Disclose with Care: Designing Privacy Controls in Interview Chatbots
Ziwen Li, Ziang Xiao, Tianshi Li
TL;DR
Disclose with Care investigates privacy controls for chatbot-based interviews on sensitive topics. It introduces EDIT, featuring free editing and AI-aided editing, to manage disclosures after the interview. In a between-subjects study with $N=188$, AI-aided editing significantly reduces residual PII without harming data quality or engagement.
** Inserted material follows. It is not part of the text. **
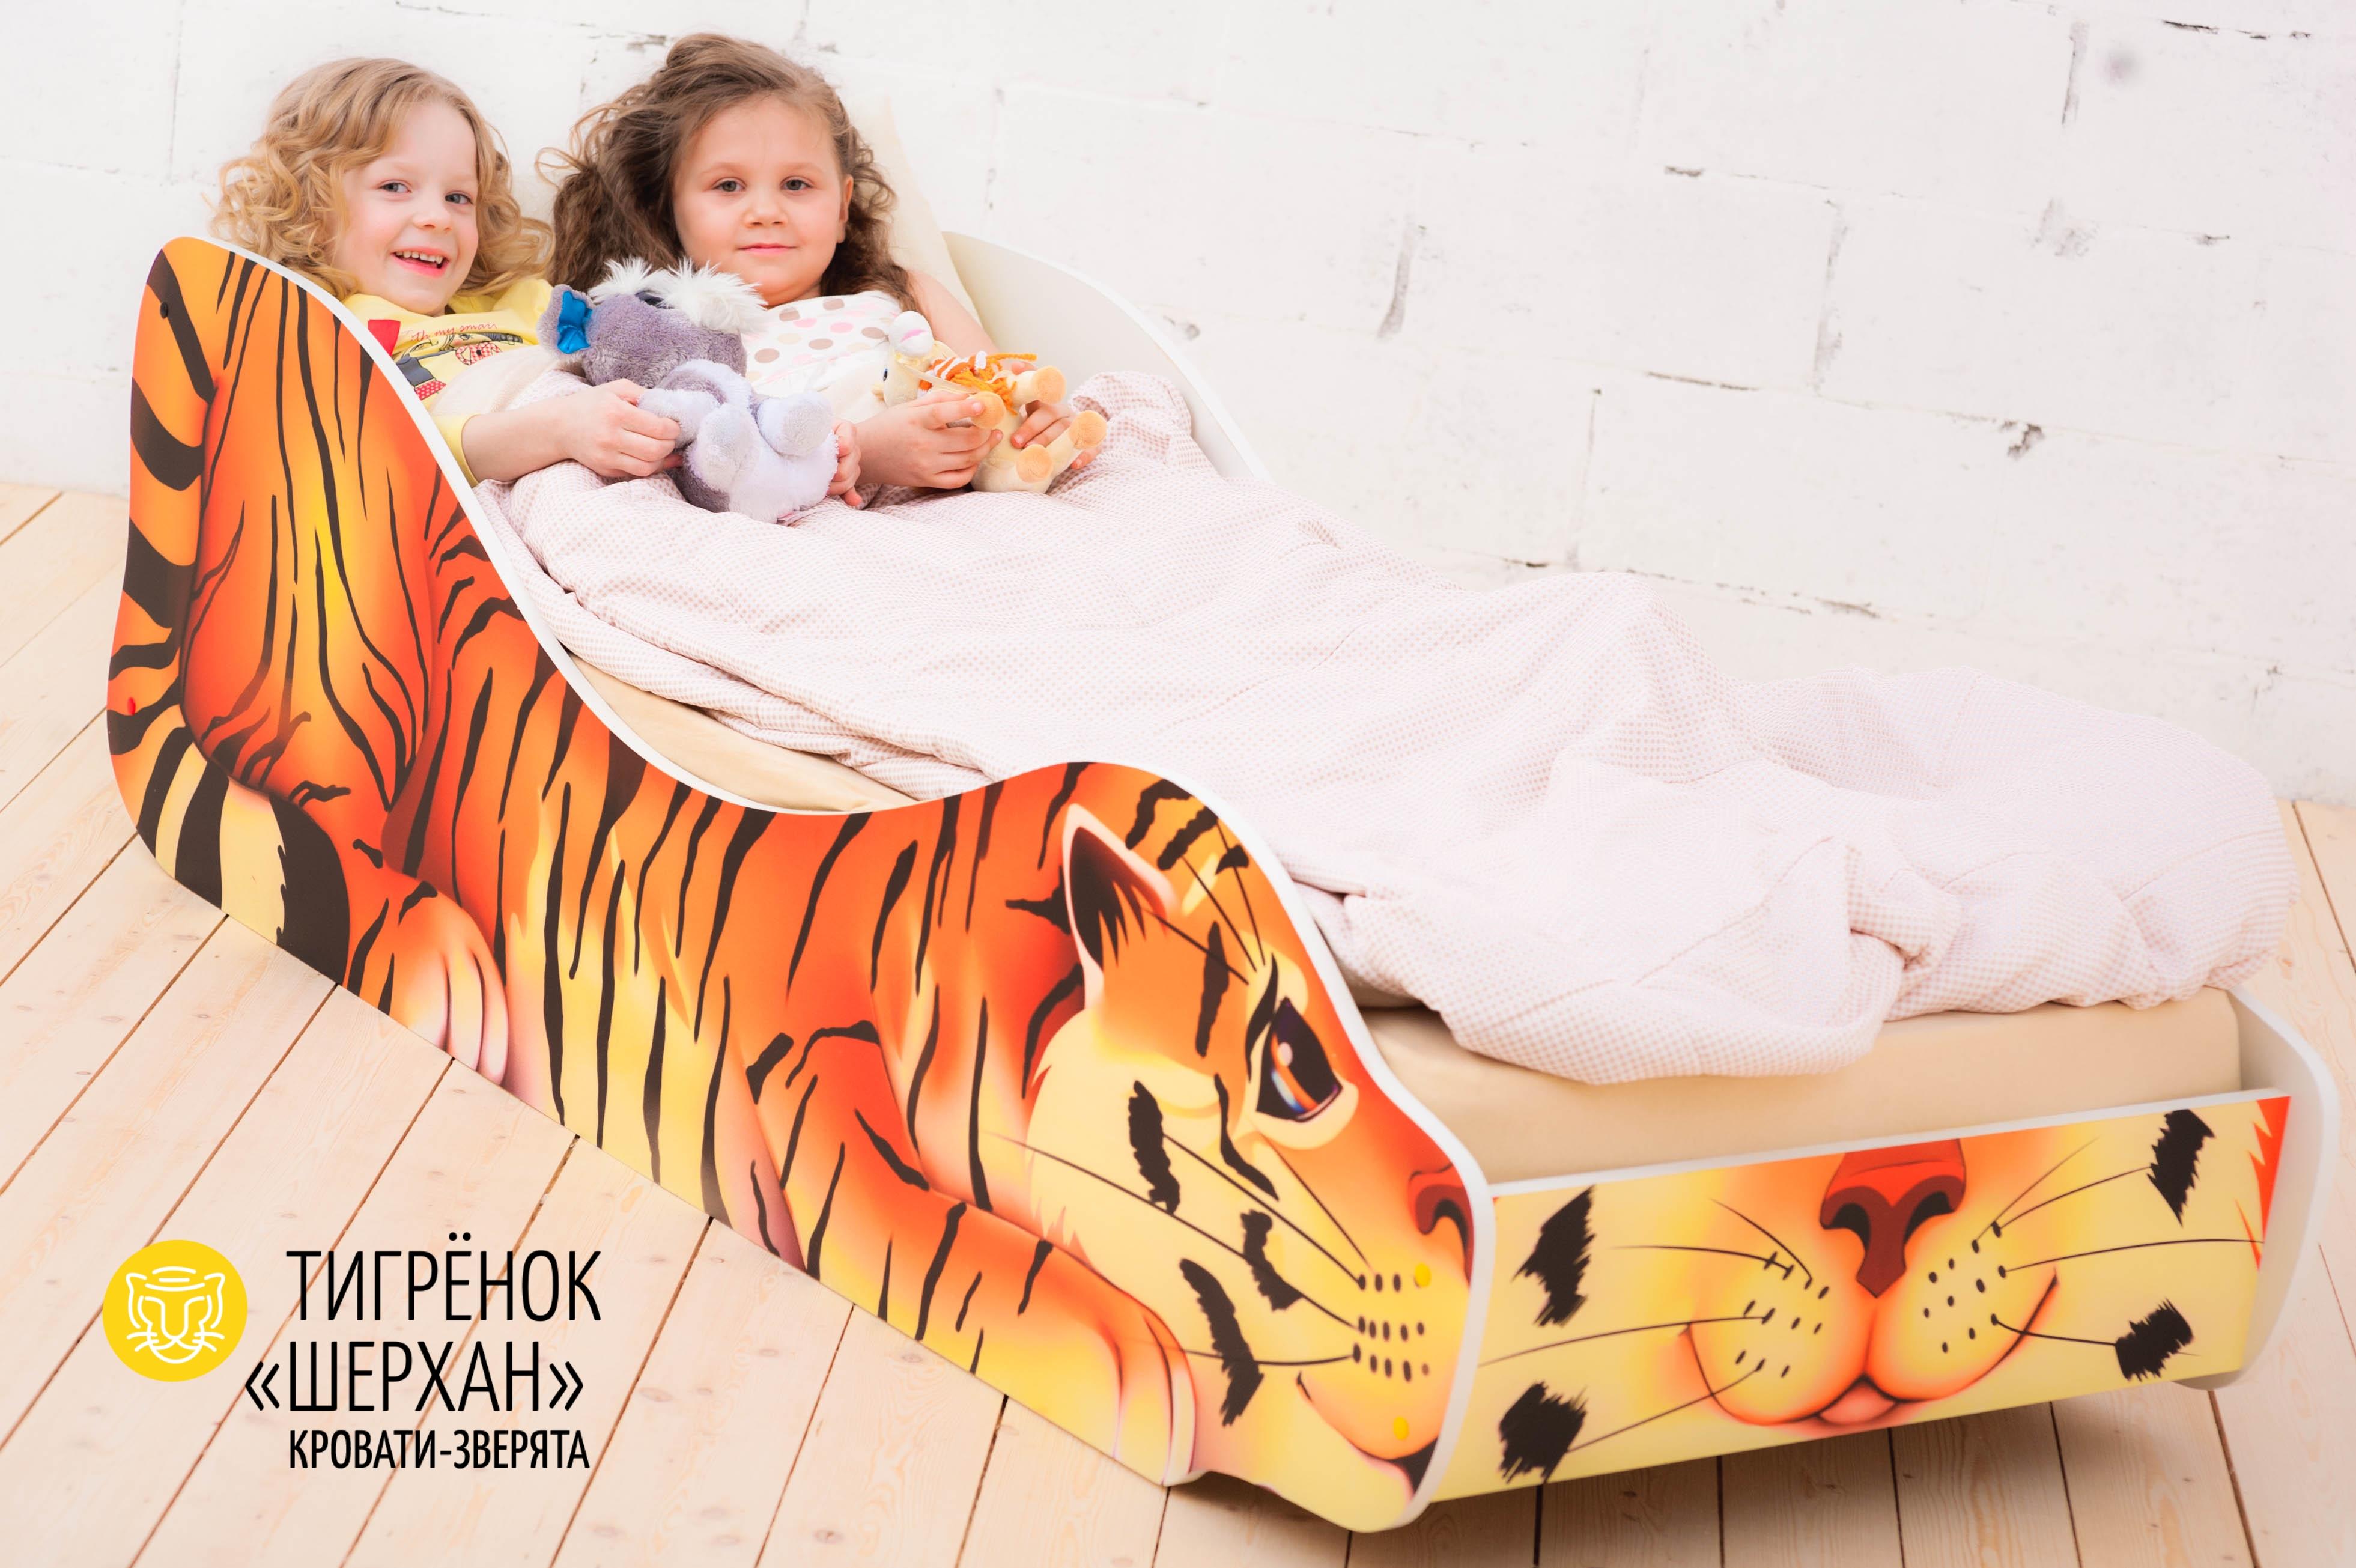 Детская кровать-зверенок -Тигренок-Шерхан-13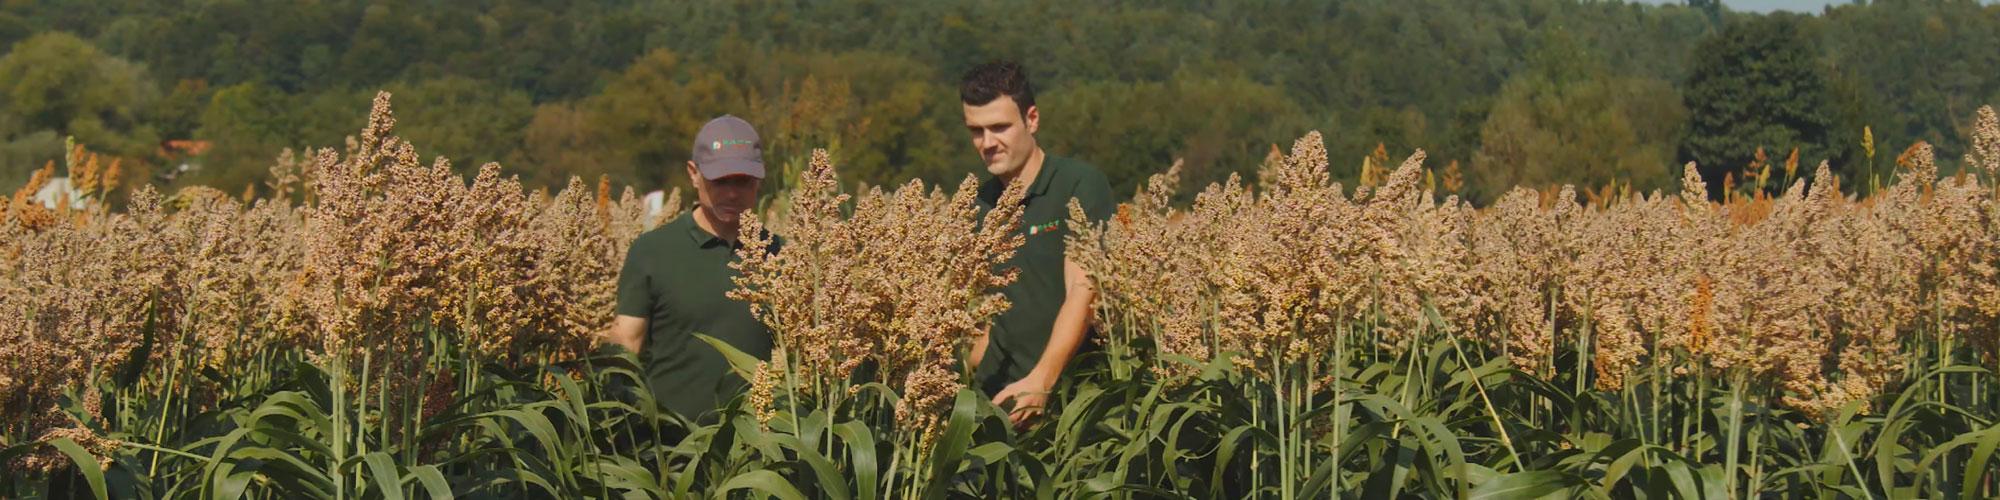 Körnersorghum - mehr als nur eine Alternative zu Mais

The work demonstrates that post-hoc, AI-guided privacy scaffolding can balance ethical data collection with analytic utility and offers design guidelines for privacy-by-design in chatbot research and deployment.
Abstract
Collecting data on sensitive topics remains challenging in HCI, as participants often withhold information due to privacy concerns and social desirability bias. While chatbots' perceived anonymity may reduce these barriers, research paradoxically suggests people tend to over-share personal or sensitive information with chatbots. In this work, we explore privacy controls in chatbot interviews to address this problem. The privacy control allows participants to revise their transcripts at the end of the interview, featuring two design variants: free editing and AI-aided editing. In a between-subjects study \red{($N=188$)}, we compared no-editing, free-editing, and AI-aided editing conditions in a chatbot-based interview on a sensitive topic. Our results confirm the prevalent issue of oversharing in chatbot-based interviews and show that AI-aided editing serves as an effective privacy-control mechanism, reducing PII disclosure while maintaining data quality and user engagement, thereby offering a promising approach to balancing ethical practice and data quality in such interviews.